By Aduragbemi Omiyale

Capital market operators have been given a deadline by the Securities and Exchange Commission (SEC) for the renewal of their registration.

A statement from the regulator said CMOs have till Saturday, January 31, 2026, to renew their registration, and to make the process seamless, an electronic receipt and processing of applications would commence in the first quarter of 2026.

“These initiatives reflect our commitment to leveraging technology for faster, more transparent, and efficient regulatory processes.

“The commission is taking deliberate steps to make regulatory processes faster, more transparent, and technology-driven.
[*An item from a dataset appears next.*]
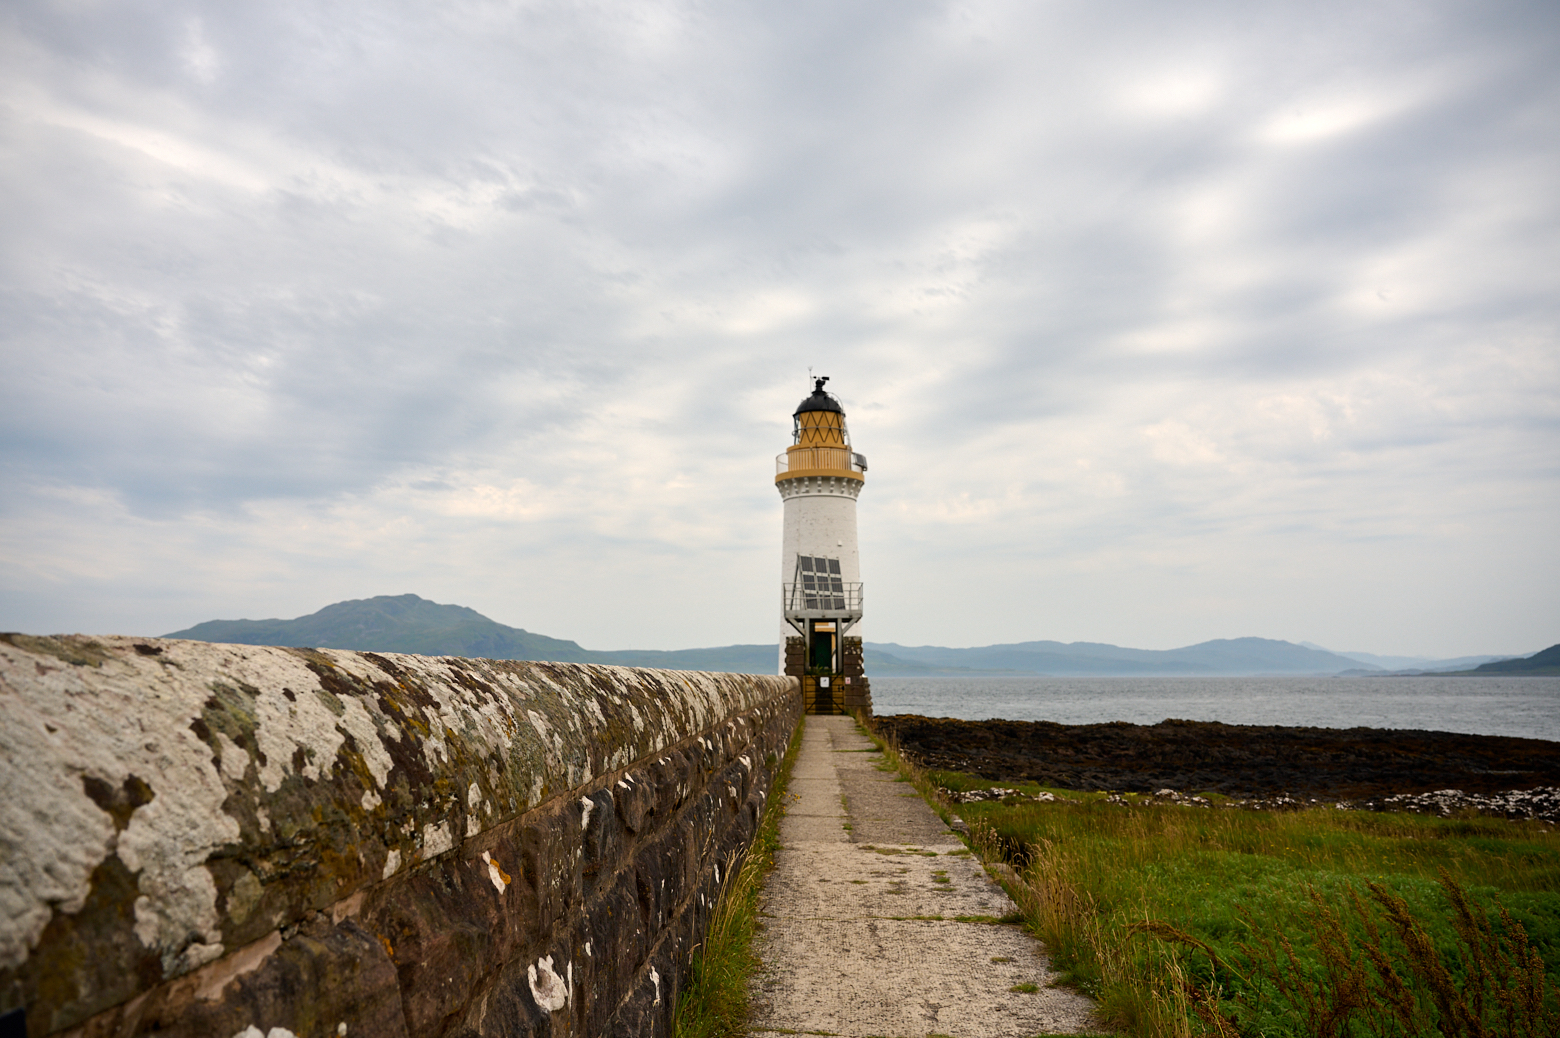 Walking from Tobermory to the Tobermory Lighthouse in the Isle of Mull.
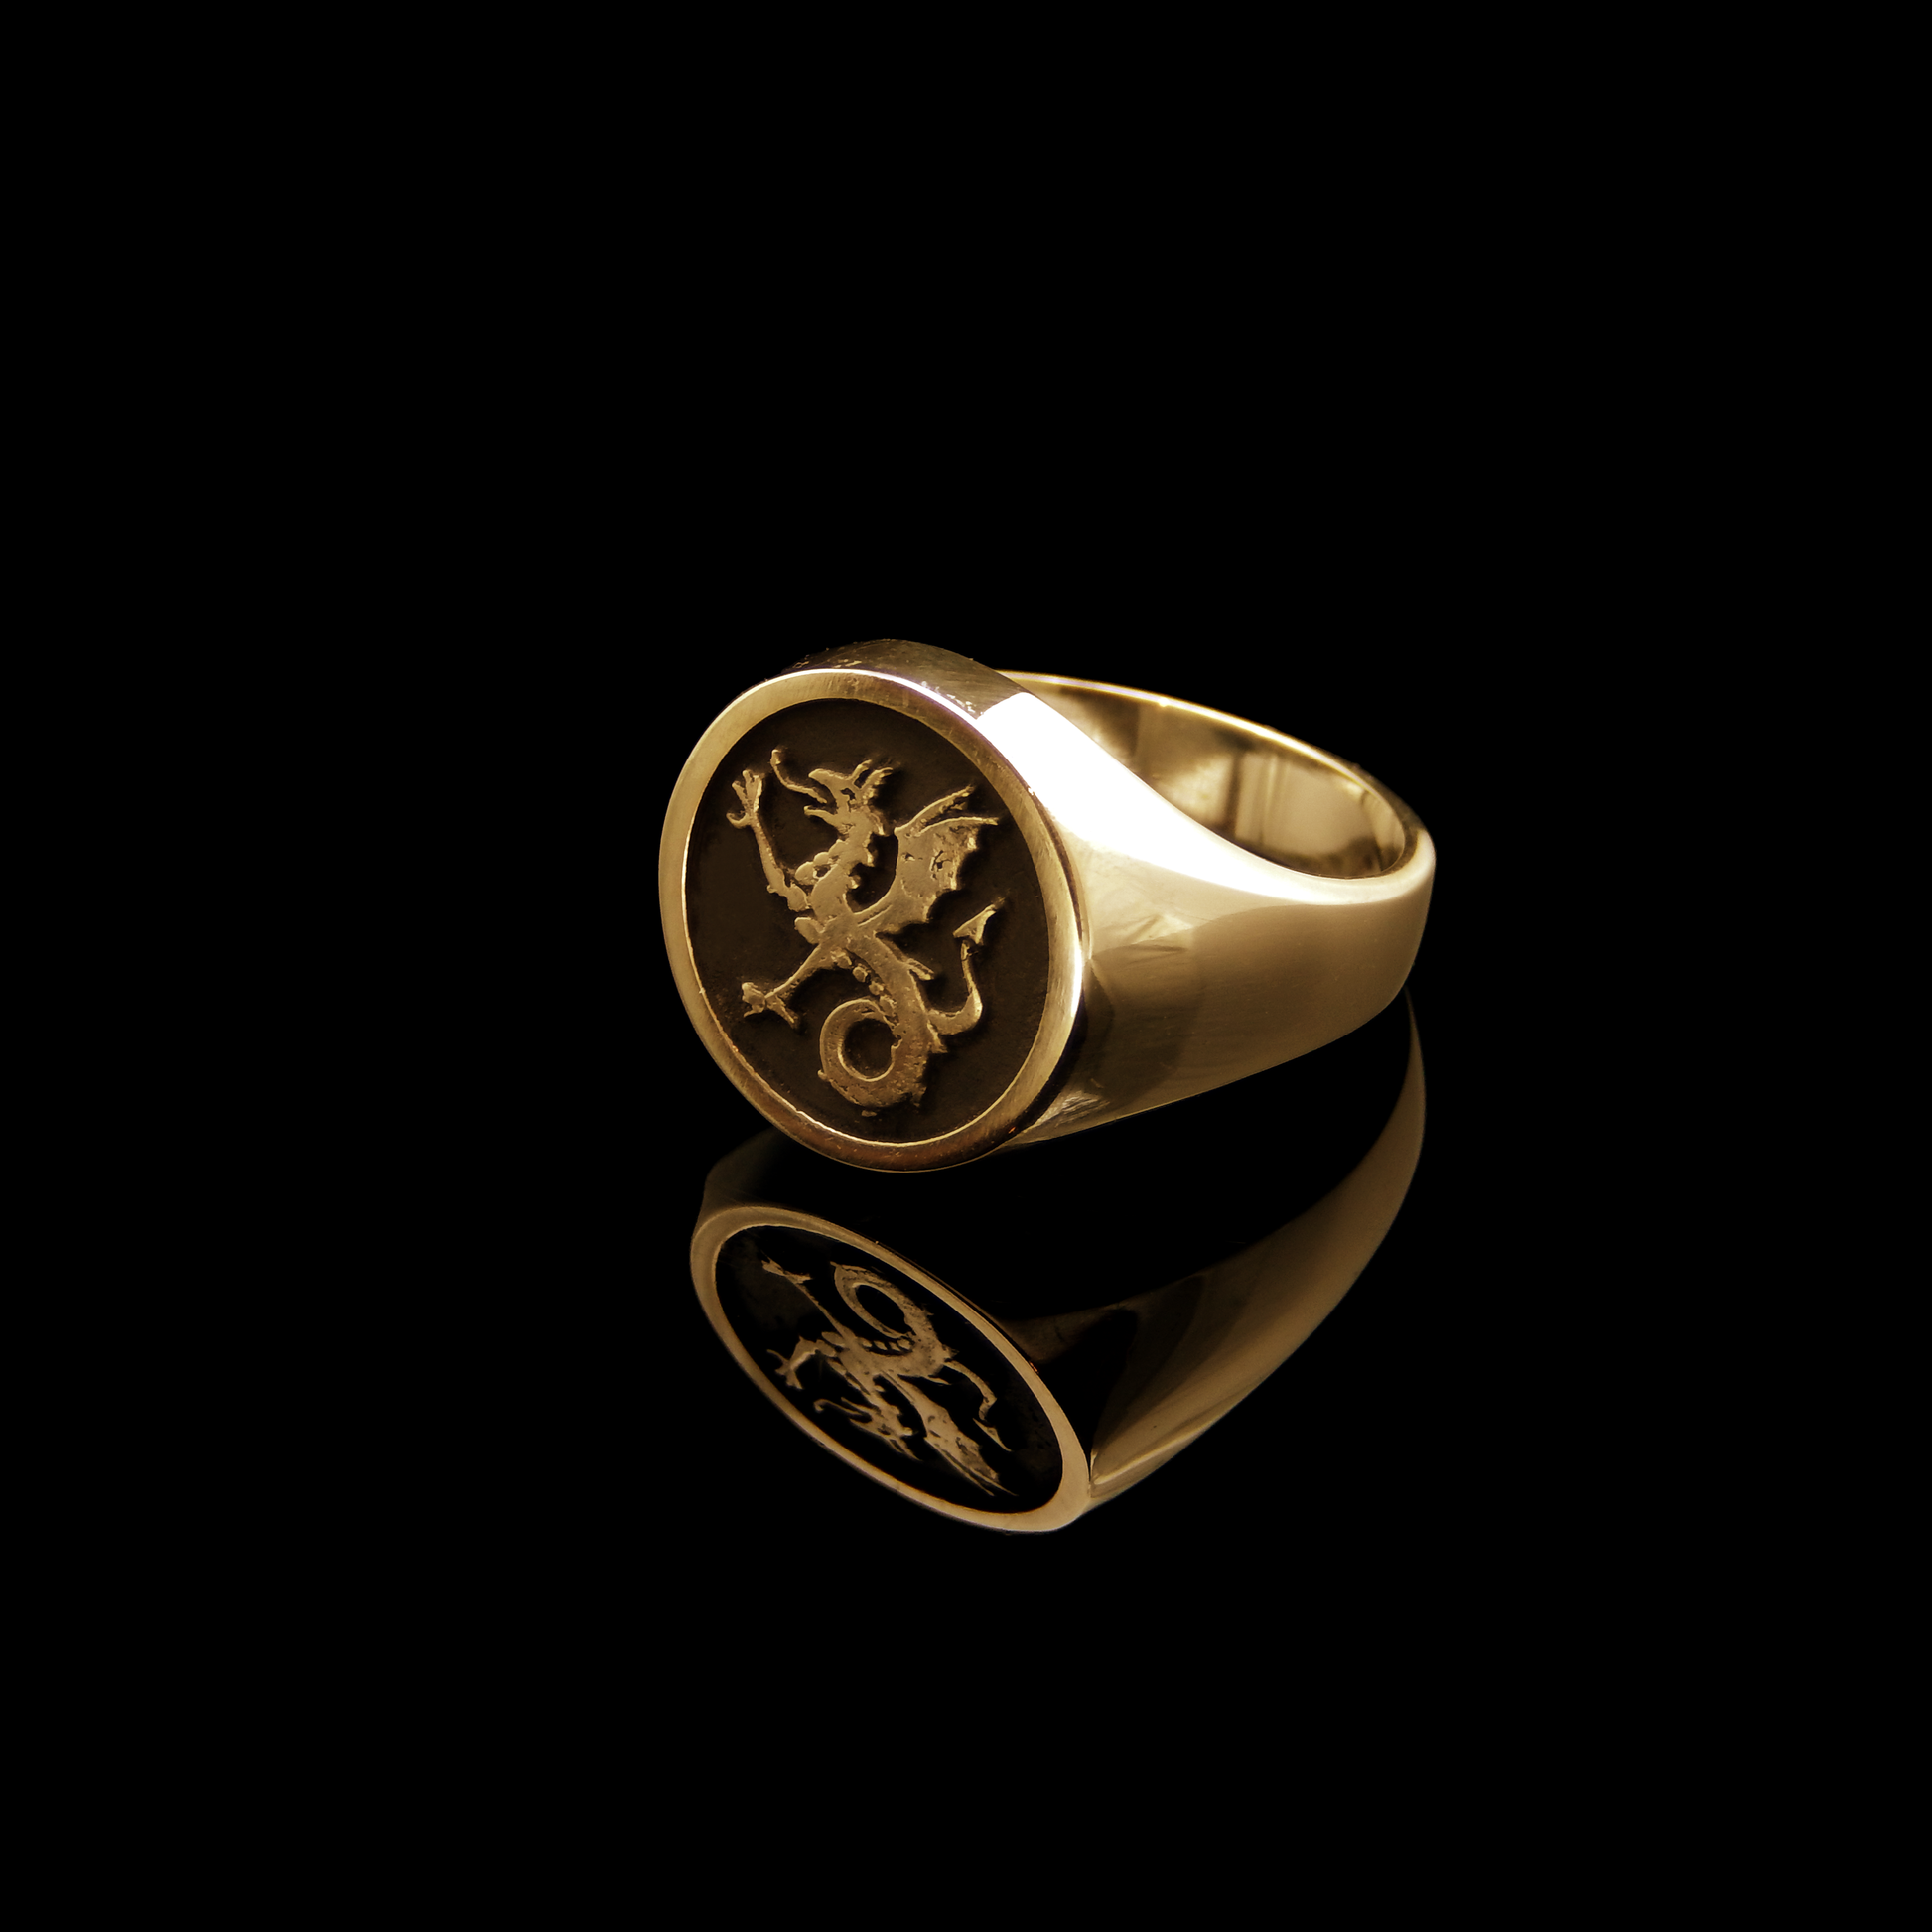 Solid Gold Ring, Gold Ring Quarter View, Dragon Ring, Signet Ring, Historical Ring, Heraldry, Wyvern, Wyvern Ring,  Yellow Gold Ring, Gold, Magic Ring, Fantasy Ring, Medieval Ring, Rings for Him, Gifts for Him, Mens Signet Ring

We are investing in automation, database-supervision, and secure infrastructure to improve how we interact with the market,” the Director General of SEC, Mr Emomotimi Agama, was quoted as saying in the statement during an interview in Abuja over the weekend.

He noted that through the digital transformation portal, the organisation has automated registration and licensing end-to-end as operators can now submit applications, upload documents, and track approvals online, cutting down manual processing time and reducing the need for physical visits.

According to him, the agency has also rolled out the Commercial Paper issuance module, which allows operators to file documents, monitor progress, and receive approvals electronically while feedback from early users shows a clear improvement in turnaround time.

“Work is ongoing to automate quarterly and annual returns submissions, with structured templates and system checks to ensure accuracy. A returns analytics dashboard is also in development to support risk based supervision and exception reporting.

“To back these changes, we have started upgrading our IT infrastructure, servers, storage, networks, and security layers, to boost speed and reliability.

“Selective cloud migration is underway for platforms that need scalability and external access, while core internal systems remain on premisev5p for now as we assess security and cost implications.

“At the same time, we are strengthening data integrity and cybersecurity with vulnerability assessments and planned penetration testing once automation and migration phases are stable.

“These efforts show our commitment to building a modern, resilient regulatory environment that supports efficiency, investor confidence, and market stability,” he stated.

Mr Agama affirmed that the nation’s capital market was clearly on a path toward digital transformation adding that there is an urgent need for regulatory clarity on advanced technologies, targeted support for smaller firms, and capacity-building initiatives.

“A phased and proportionate approach to regulating emerging technologies such as AI is essential, complemented by internal readiness through supervisory technology tools.

“Furthermore, investor education, particularly among younger demographics, will be critical to future-proof participation and drive fintech adoption.

“Innovation is vital, but it must be accompanied by responsibility. As operators embrace automation, artificial intelligence, and data-driven tools, they bear a duty to ensure ethical, secure, and compliant deployment. Safeguarding investor data, preventing market abuse, and maintaining operational resilience are non-negotiable,” he declared.

The SEC DG said that ultimately, responsible technology adoption is about building trust, the cornerstone of our markets saying that trust thrives on fairness, transparency, accountability, and regulatory compliance.

He, therefore, urged operators to uphold these principles adding that it will not only protect investors and systemic stability but also strengthen the long-term credibility and competitiveness of the Nigerian capital market.